Mr. NLP
Mr. NLP

Reputation: 1001

CUDA error: CUBLAS_STATUS_ALLOC_FAILED when calling cublasCreate(handle)

I got the following error when I ran my PyTorch deep learning model in Google Colab

/usr/local/lib/python3.6/dist-packages/torch/nn/functional.py in linear(input, weight, bias)
   1370         ret = torch.addmm(bias, input, weight.t())
   1371     else:
-> 1372         output = input.matmul(weight.t())
   1373         if bias is not None:
   1374             output += bias

RuntimeError: CUDA error: CUBLAS_STATUS_ALLOC_FAILED when calling `cublasCreate(handle)`

I even reduced batch size from 128 to 64 i.e., reduced to half, but still, I got this error. Earlier, I ran the same code with a batch size of 128 but didn't get any error like this.

Upvotes: 52

Views: 138452

Answers (11)

Zephyrus
Zephyrus

Reputation: 45

I solved this problem to upgrading Gpu. For my case I upgraded T4 --> L4.

Upvotes: -1

I was instantiating the AutoModelForSequenceClassification class as follows:

model = AutoModelForSequenceClassification.from_pretrained(model_name)

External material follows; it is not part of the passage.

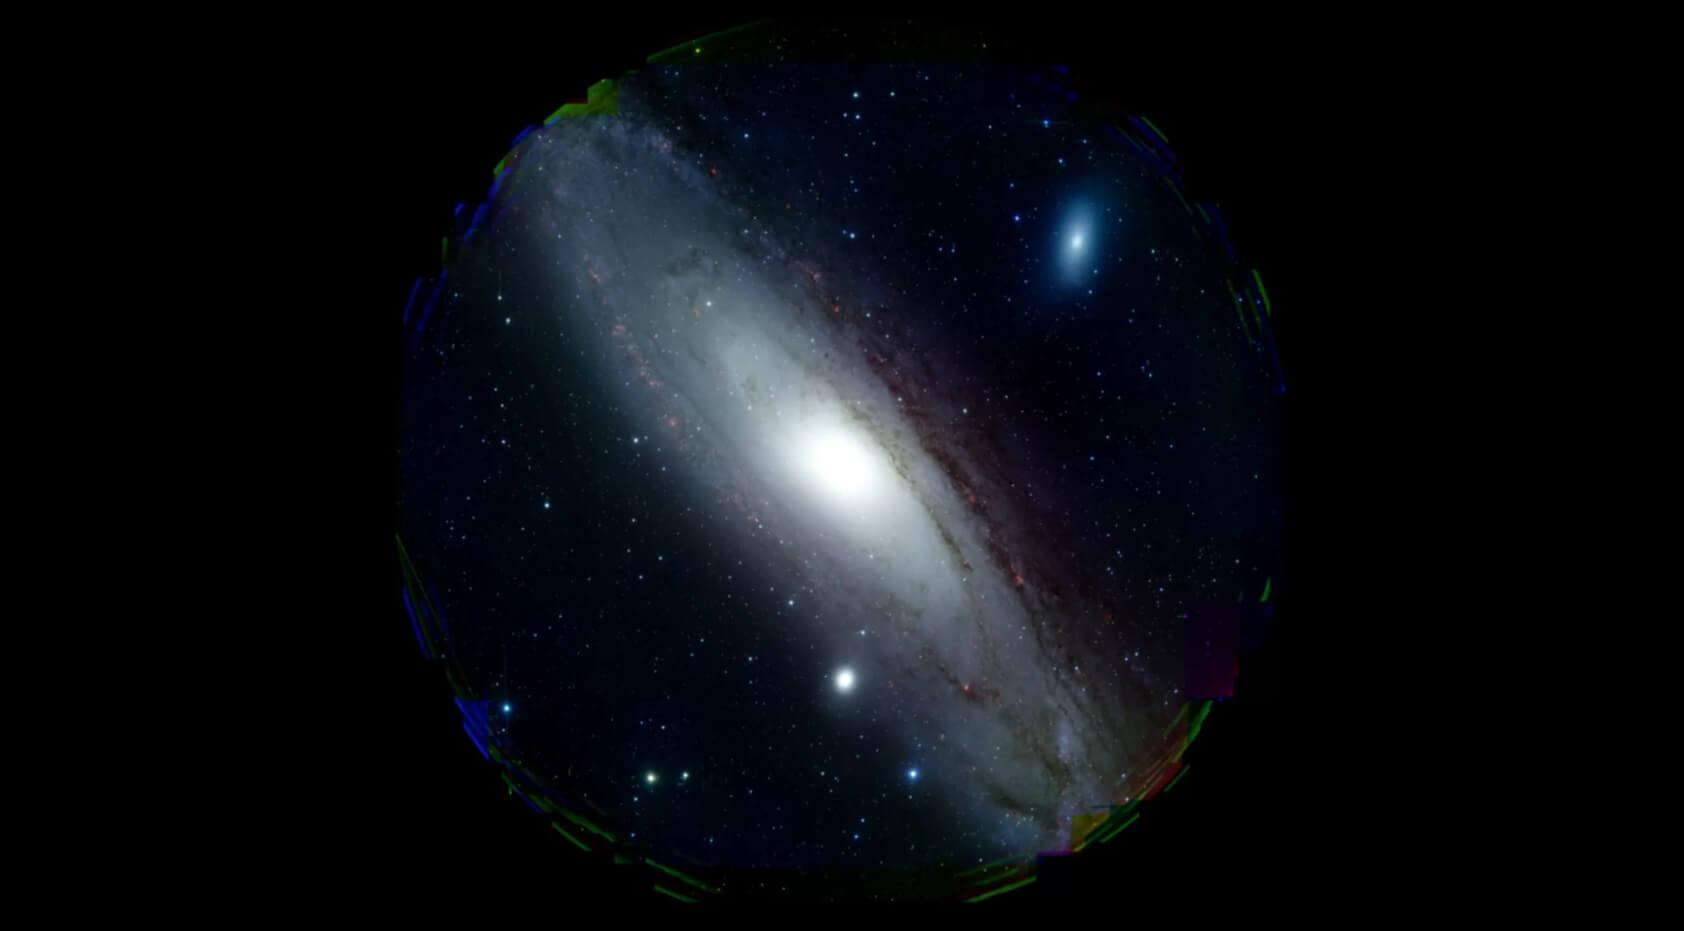 Исследование японских ученых пошатнуло теорию Стивена Хокинга о темной материи
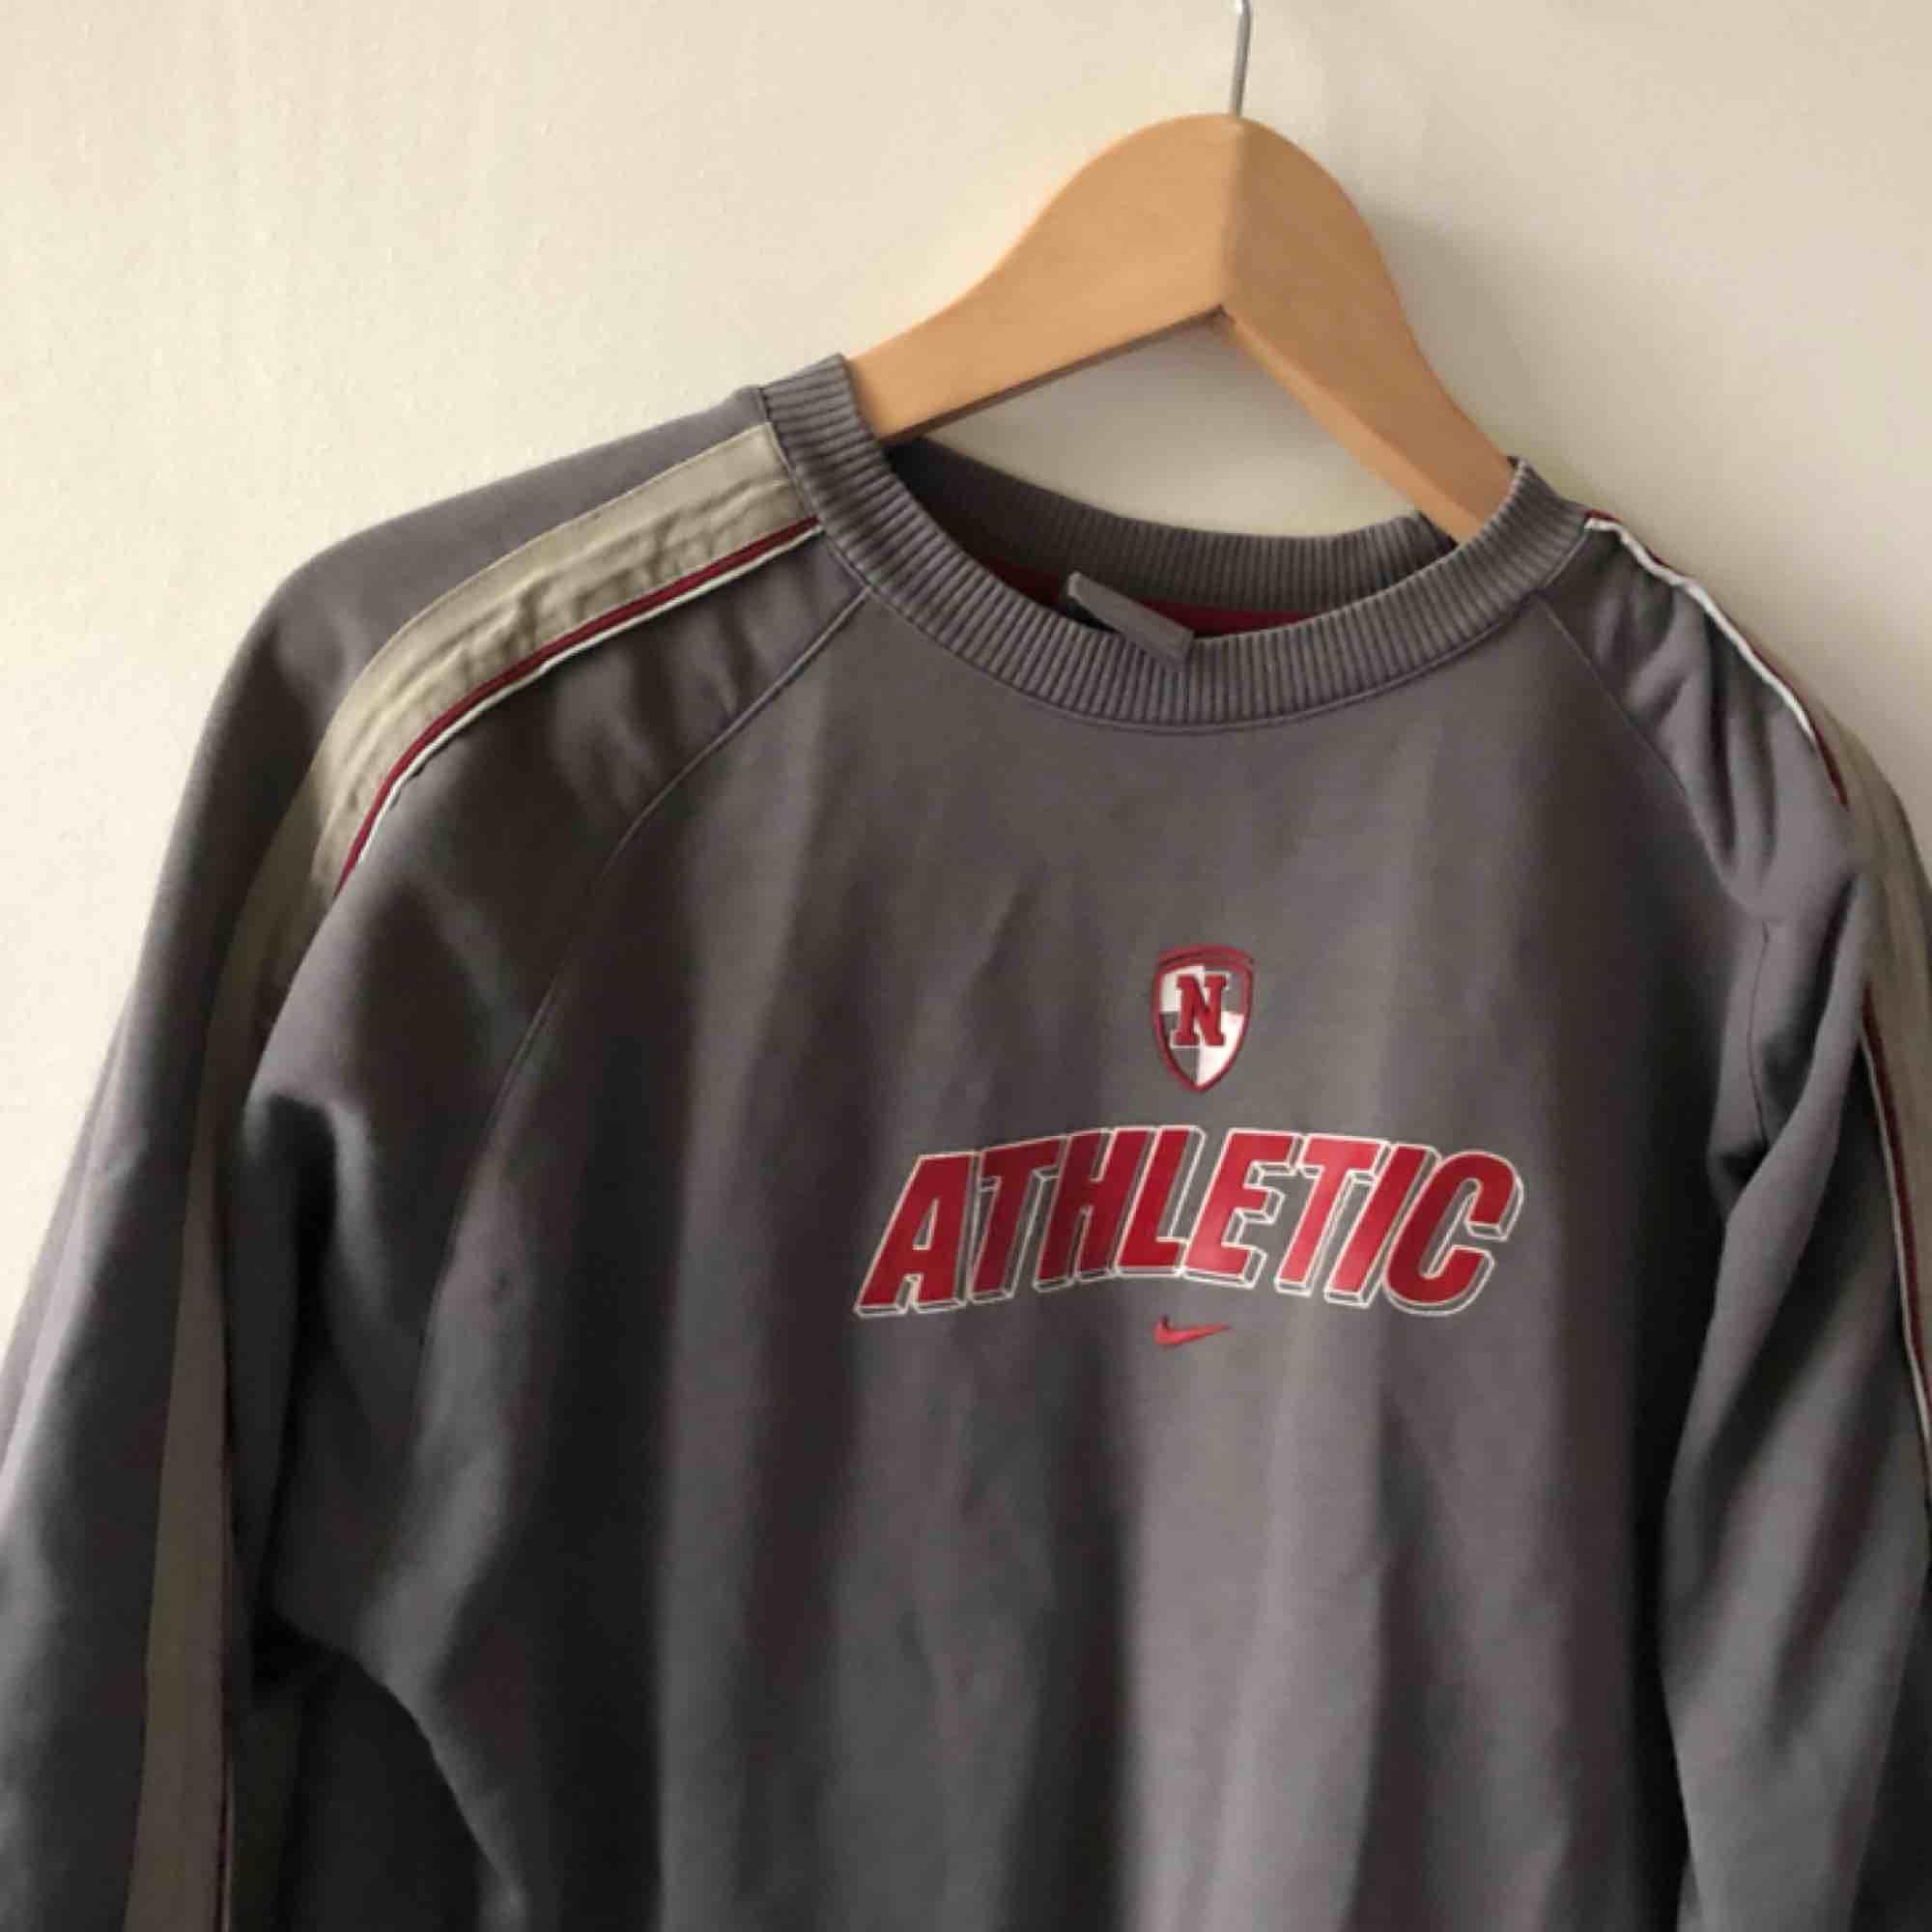 Vintage Nike - Snyggt urtvättad, bra skick på trycket. Kan hämtas i Uppsala eller skickas mot fraktkostnad. 152 / 164 på lappen sitter som small. Huvtröjor & Träningströjor.

and I ended up having this problem. I corrected it when I declared the number of labels in my dataset:

model = AutoModelForSequenceClassification.from_pretrained(model_name, num_labels=train_df['label'].nunique())

Upvotes: 0

Mayukh Deb
Mayukh Deb

Reputation: 499

No, batch size does not matter in this case.

The most likely reason is that there is an inconsistency between number of labels and number of output units.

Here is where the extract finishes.